International pension readiness report finds most major industrial countries unprepared for coming crisis
Standards of Living in Mature Economies Jeopardized by Impact of Aging
DAVOS, Switzerland, Jan. 26 /CNW/ - The combined effects of slower  labour-force growth and population aging could undermine the pension systems and broader economic prospects of many developed countries, according to a major new study by the World Economic Forum in partnership with Watson Wyatt Worldwide.
    The study, released at the World Economic Forum's Annual Meeting in Davos last week, raises profound questions around labour participation and productivity, the cross-border flow of capital, the globalization of labour markets, the financial viability of social insurance programs, and how economic output is shared between working-age and retiree populations.
The report highlights demographic trends sweeping the globe and their economic consequences. For example:

  • The EU will experience a significant decline in its working-age population. Taken together, even the less-developed countries being considered for EU addition face shrinking labour forces. 
  • Germany and Mexico today have working-age populations of about  50 million. By 2030, Mexico will have twice as many working-age people as Germany. 
  • Italy's retirees will outnumber its active workers by 2030. 
  • Over the long-term, Japan would have to increase immigration 11 times over existing rates to make-up for its low fertility rates.
  • Assuming current demographic and economic trends hold, the EU's share  of total global output will shrink from 18% today to 10% in 2050.  Japan's share would decline from 8% to 4%.  
  • The 335 million workers that India is expected to add in the next 30 years approaches the total working-age populations of the entire EU and the United States combined in 2000. 
  • Other developing Asian countries, including China, as well as Central and South America, Africa, and the Middle Eastern countries will all have surplus labour over the coming decades.

    "Economic output is determined by labour force growth and productivity rates," said Richard Samans of the World Economic Forum. "In countries with significant projected labour shortages, the supply of goods and services may not meet demand and standards of living. However, things do not necessarily have to unfold this way."
    Among the remedies governments and business have at their disposal are increased immigration, capital deepening, technology investment and enticing additional workers into the labour force. They also need to develop ways to tap surplus labour pools in developing countries through greater economic integration than ever before.

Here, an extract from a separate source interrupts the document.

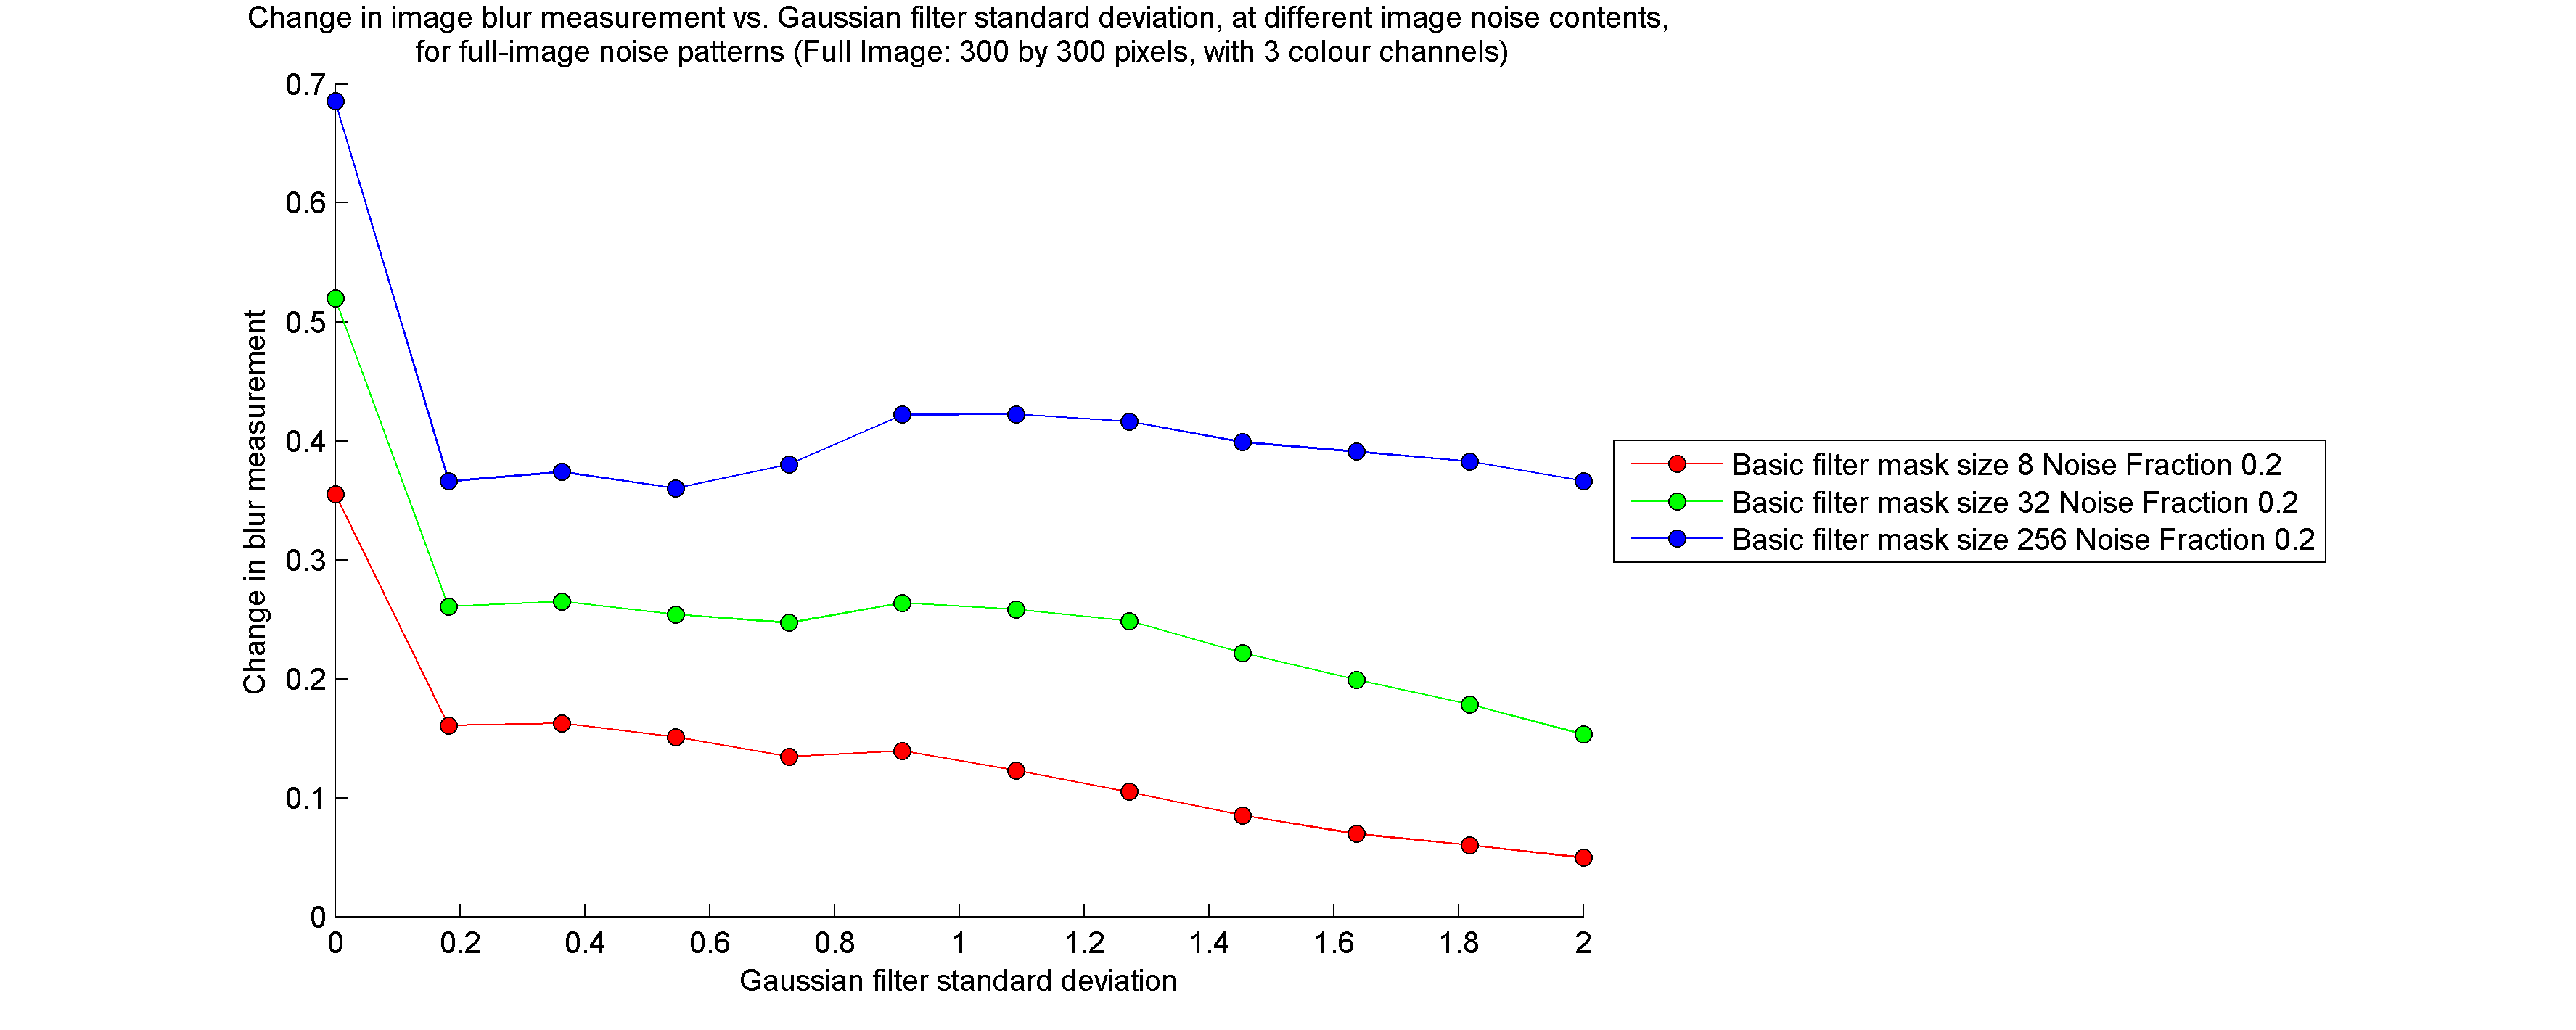 Blur change vs Gaussian standard deviation

    "While no single solution provides a magic bullet, it's clear that the flow of capital and labour across borders can be improved," said John Haley, president and CEO of Watson Wyatt. "If the world's developed countries cannot find adequate labour within their own borders, they can export capital to other parts of the world where there are ample and growing supplies of workers. It will help raise standards of living in the developing world. It
will provide sources of income and goods in the developed economies where worker shortages will strain the economic capacity to meet consumer needs. In the end, we all will benefit."
    Increased immigration can also help, but some societies are reluctant to allow significant immigration because of the domestic implications. Adding to the workforce can also be done to a limited extent through extending the working period for older workers and encouraging more women and younger workers into the workplace.

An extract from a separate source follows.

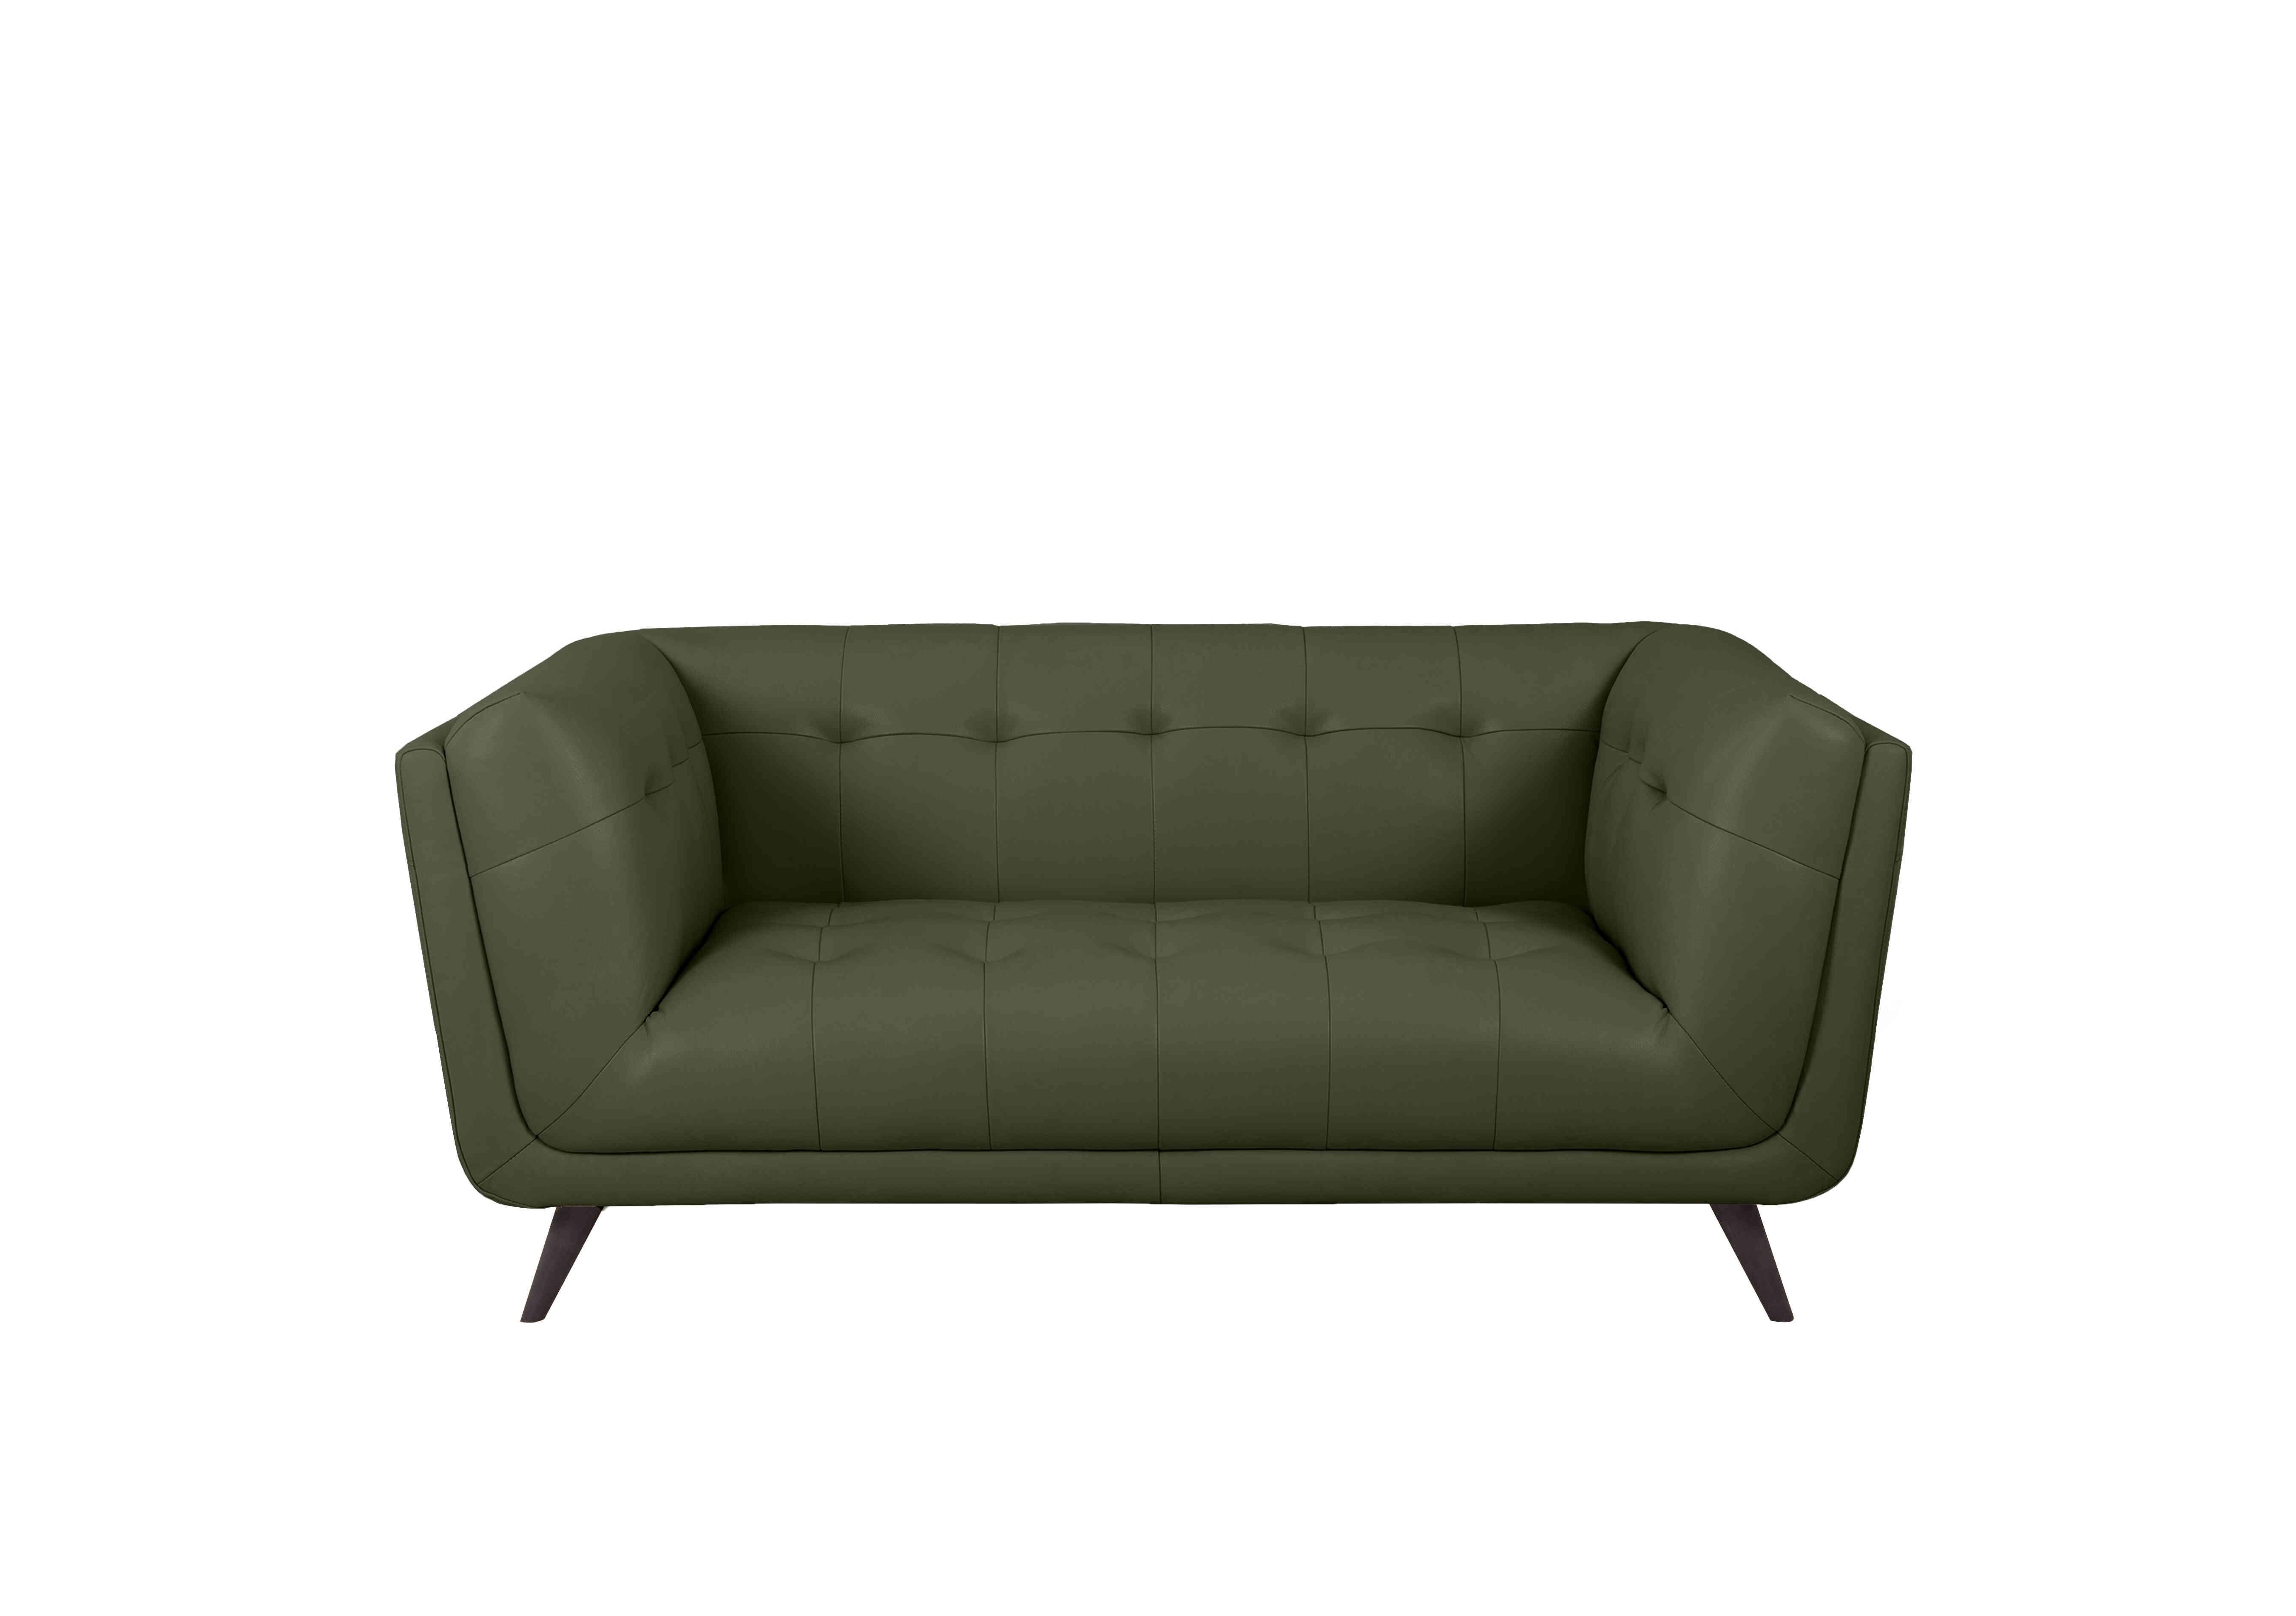 Rene 2 Seater Leather Sofa in Montana Oslo Pine on Furniture Village

    Another consequence of growing retiree populations in the developed world is that the costs of retirement systems will significantly increase. This makes questions on whether pension systems should be "funded" or financed on a "pay-as-you-go" basis and how changes in living standards are allocated across segments of society supremely important - especially in light of the slowing labour force growth.
    "The demographic changes present enormous challenges for developed countries," said Sylvester Schieber, director of research at Watson Wyatt and co-author of the report. "There will be hard choices ahead, but in the final analysis, more global integration is needed, not less."

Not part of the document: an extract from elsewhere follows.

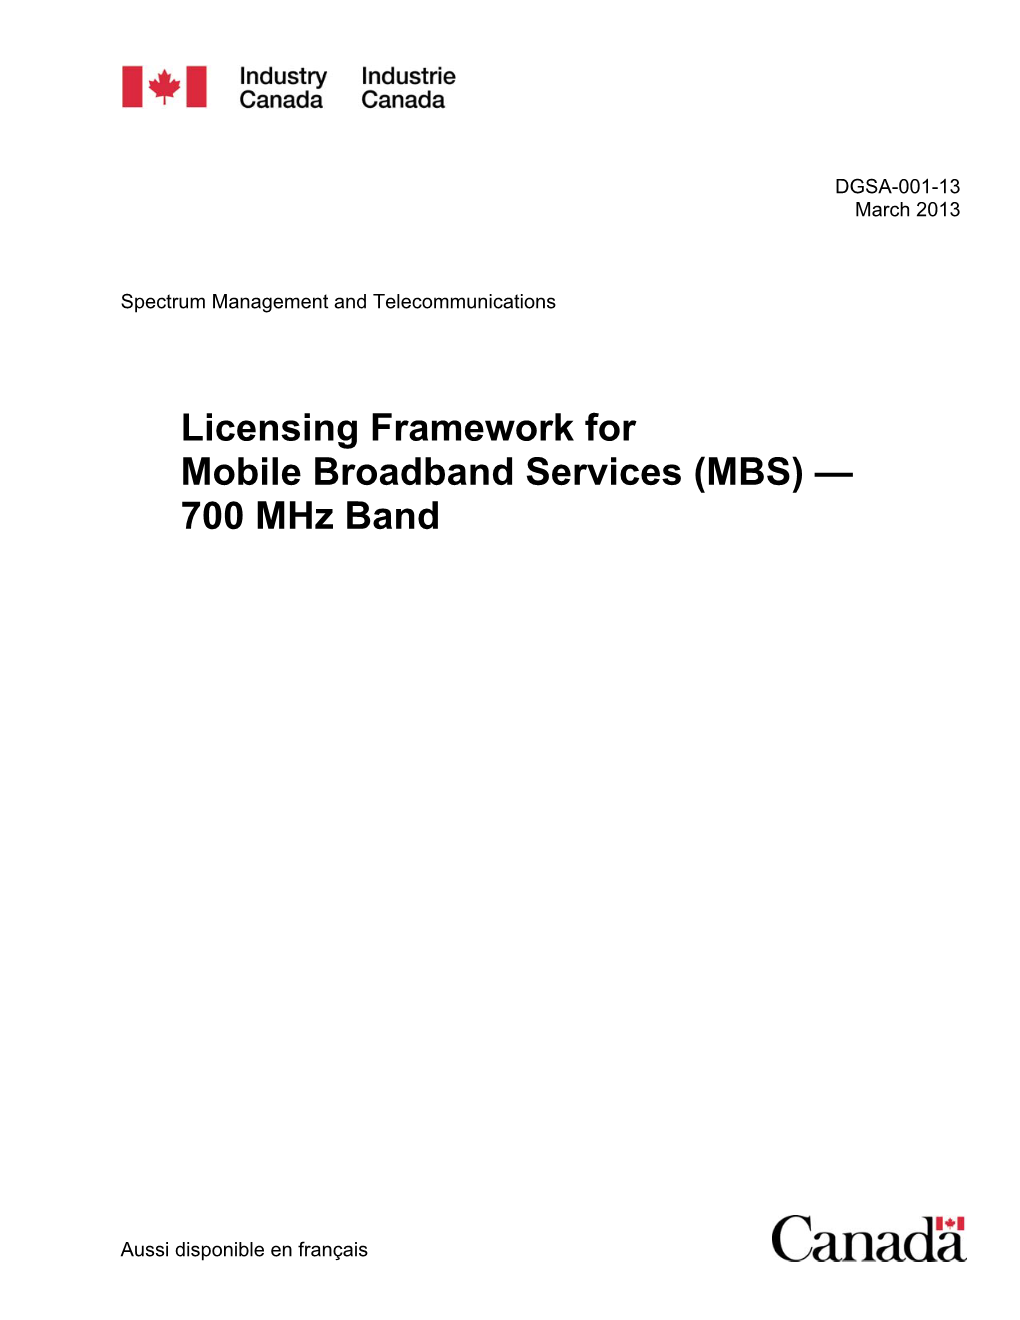 Licensing Framework for Mobile Broadband Services (MBS) — 700 Mhz Band

    "We all face a daunting task," said Samans. "If the impending labour shortages are not properly addressed, business and society will have to answer many difficult questions to avoid pitting the needs of the working-age and retiree populations against each other. The good news for now, however, is that there are a number of ways out, but finding them will require us to recognize that this is more than an issue of social security plan benefits and taxes. Fundamentally, it is a question of finding ways to improve economic growth and integration."
    The World Economic Forum featured a discussion on the report's implications at its meeting in Davos, Switzerland, on January 21-25, 2004.
Among those attending a special session were ministers from many OECD countries, CEOs, labour leaders and other experts. The Annual Meeting's theme this year was 'Partnering for Security and Prosperity'.
    Over the past two years, the Forum's Pension Readiness Initiative has combined leaders from financial services and employment industry member companies with other experts from labour unions, international organizations, senior citizen groups and government for the purpose of compiling a comparative assessment of the retirement system readiness of OECD countries.
    A copy of the report's executive summary is available at www.weforum.org and www.watsonwyatt.com
About World Economic Forum
    The World Economic Forum is the foremost global community of business, political, intellectual and other leaders of society committed to improving the state of the world. Incorporated as a foundation, and based in Geneva, Switzerland, the World Economic Forum is impartial and not-for-profit; it is tied to no political, partisan or national interests. The Forum has NGO consultative status with the Economic and Social Council of the United Nations. ( http://www.weforum.org )

Media Advisory - Tax Tips to Keep in Mind when Investing
TORONTO, Feb. 2 /CNW/ -
- Set up a separate bank account under your child's name to deposit your Child Tax Benefit cheques. As long as the child's income is less than the basic personal amount, the money will earn interest tax-free.
- A lower-income spouse should use their funds to make investments since the income earned will be taxed at a lower rate.
- Interest on loans used to buy non-registered investments, such as stocks and bonds, is tax deductible. However, interest on RRSP loans is not. You can maximize your tax advantage by using cash to buy RRSPs and borrowing to buy non-registered plans.
- Interest receives less preferential tax treatment than dividends or capital gains. Keep interest-earning investments in RRSPs so they will not be taxed and keep investments generating dividends or capital gains in non-registered plans.
- When holding mutual funds outside of your RRSP, keep a record of any distributions that are reinvested to buy more units. These are added to the Adjusted Cost Base of the units and reduce the capital gain when they are redeemed.
- If non-registered investments are transferred to an RRSP, they are considered sold for Fair Market Value. While any resulting capital gain is taxable, a special rule deems a resulting capital loss to be nil. This rule can be avoided by simply selling investments and having the RRSP reacquire them.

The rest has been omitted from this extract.